Our aim across our ACHD network is to develop a consistent, coherent system and availability of services, in order to provide a standardised model of care in all outreach centres, as defined by the NHS England CHD standards [16]. With the ongoing training of CHD-trained echocardiographers and specialist pacing physiologists, we aim to reduce the variation between centres on investigations performed at the same day of patients’ outpatient clinic appointment and provide similar high quality services across all centres. In order to provide resilient 24/7 care, we aim to develop the training of local Cardiologists, Obstetricians, Emergency Department doctors and nursing staff via our Network meetings, Specialist Registrar and Nursing training days and weekly multi-disciplinary meetings, to ensure our patients’ care consistently meets the standards of care throughout the West Midlands.

Limitations

The number of questionnaires collected is small (approximately 2% of our ACHD patients) which may limit some of the conclusions. The majority of patients were white British ethnic group which limits the ethnic diversity of our study population.
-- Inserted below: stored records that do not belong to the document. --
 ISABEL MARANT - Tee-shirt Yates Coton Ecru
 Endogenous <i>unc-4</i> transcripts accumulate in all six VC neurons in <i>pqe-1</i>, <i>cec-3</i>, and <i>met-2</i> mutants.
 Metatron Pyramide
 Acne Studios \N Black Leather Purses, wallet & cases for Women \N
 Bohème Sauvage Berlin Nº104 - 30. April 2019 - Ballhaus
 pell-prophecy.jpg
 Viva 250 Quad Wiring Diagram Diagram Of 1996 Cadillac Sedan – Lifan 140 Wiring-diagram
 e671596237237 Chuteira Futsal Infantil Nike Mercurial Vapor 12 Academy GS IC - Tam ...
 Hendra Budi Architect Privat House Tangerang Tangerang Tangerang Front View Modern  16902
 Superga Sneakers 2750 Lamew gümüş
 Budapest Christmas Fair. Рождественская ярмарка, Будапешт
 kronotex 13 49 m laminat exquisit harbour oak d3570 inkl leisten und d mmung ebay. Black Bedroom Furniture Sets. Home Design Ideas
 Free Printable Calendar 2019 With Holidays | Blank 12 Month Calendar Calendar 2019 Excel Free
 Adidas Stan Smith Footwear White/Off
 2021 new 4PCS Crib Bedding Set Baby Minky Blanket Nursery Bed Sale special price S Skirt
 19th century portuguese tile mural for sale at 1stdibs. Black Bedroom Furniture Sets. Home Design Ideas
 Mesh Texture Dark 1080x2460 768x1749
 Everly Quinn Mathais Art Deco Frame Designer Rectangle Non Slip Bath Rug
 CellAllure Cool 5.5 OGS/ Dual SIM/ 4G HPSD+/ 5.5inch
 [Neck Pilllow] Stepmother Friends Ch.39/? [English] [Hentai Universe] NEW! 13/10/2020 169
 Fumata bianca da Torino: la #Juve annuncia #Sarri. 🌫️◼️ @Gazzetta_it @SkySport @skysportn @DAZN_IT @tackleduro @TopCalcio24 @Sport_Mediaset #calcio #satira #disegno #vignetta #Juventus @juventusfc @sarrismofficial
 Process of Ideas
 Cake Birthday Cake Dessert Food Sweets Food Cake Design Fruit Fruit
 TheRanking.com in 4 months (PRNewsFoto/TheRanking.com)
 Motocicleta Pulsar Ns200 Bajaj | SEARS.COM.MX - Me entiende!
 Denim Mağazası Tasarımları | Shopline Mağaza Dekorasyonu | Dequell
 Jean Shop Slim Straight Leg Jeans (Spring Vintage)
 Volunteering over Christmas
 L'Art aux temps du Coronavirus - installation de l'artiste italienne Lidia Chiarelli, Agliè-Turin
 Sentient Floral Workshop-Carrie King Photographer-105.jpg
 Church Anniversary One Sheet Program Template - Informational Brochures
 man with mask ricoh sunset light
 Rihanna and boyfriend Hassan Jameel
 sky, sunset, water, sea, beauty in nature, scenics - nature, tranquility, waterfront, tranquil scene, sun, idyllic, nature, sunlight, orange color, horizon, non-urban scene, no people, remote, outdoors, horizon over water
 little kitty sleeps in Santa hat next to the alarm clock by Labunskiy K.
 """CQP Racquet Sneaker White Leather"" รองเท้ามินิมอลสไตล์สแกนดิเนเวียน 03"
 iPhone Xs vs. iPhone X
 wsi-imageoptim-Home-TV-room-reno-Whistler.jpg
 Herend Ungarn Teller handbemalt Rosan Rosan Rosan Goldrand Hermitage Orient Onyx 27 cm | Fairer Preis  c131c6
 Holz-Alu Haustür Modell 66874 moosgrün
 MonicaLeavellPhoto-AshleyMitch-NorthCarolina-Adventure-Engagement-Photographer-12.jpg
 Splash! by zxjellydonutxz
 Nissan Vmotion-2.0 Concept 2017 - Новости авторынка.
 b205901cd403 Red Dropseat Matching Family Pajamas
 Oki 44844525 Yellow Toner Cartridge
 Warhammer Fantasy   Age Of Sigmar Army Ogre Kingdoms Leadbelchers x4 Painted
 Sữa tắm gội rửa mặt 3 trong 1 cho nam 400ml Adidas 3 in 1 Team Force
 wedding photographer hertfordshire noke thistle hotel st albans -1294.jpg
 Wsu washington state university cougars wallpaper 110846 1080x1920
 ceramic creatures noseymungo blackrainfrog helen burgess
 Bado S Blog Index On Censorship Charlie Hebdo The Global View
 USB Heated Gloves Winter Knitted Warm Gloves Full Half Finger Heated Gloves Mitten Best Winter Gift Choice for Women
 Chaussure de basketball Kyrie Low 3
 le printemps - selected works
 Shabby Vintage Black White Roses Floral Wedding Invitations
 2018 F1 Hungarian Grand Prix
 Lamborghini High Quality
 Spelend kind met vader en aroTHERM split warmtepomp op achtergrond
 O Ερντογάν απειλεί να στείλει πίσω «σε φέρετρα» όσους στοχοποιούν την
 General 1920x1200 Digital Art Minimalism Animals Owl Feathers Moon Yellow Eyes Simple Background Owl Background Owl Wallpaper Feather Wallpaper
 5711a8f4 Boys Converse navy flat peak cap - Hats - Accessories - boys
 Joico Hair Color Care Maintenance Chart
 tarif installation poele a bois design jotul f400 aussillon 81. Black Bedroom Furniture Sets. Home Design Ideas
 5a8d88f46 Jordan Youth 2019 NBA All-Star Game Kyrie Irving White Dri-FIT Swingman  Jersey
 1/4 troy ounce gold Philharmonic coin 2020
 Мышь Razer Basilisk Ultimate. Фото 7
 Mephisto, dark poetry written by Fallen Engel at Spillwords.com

In addition, we have not collected any data on socioeconomic status, disease severity or DNA rates and further studies are warranted to assess these.

Conclusions

To the best of our knowledge, this is the first survey-based study assessing patient experience within the NHSE ACHD Outreach network.

Our findings show that the development of ACHD Network Outreach clinics to facilitate services and appointments closer to patients’ homes, travel times are significantly reduced and high patient satisfaction is preserved. There is variation in patient care, including investigations performed on the clinic day, patient information leaflets and specialist nurse input. Standardisation of protocols for the “spoke” centres is recommended to ensure equity for all patients. Availability of investigations on the same day as clinic should be improved throughout the network.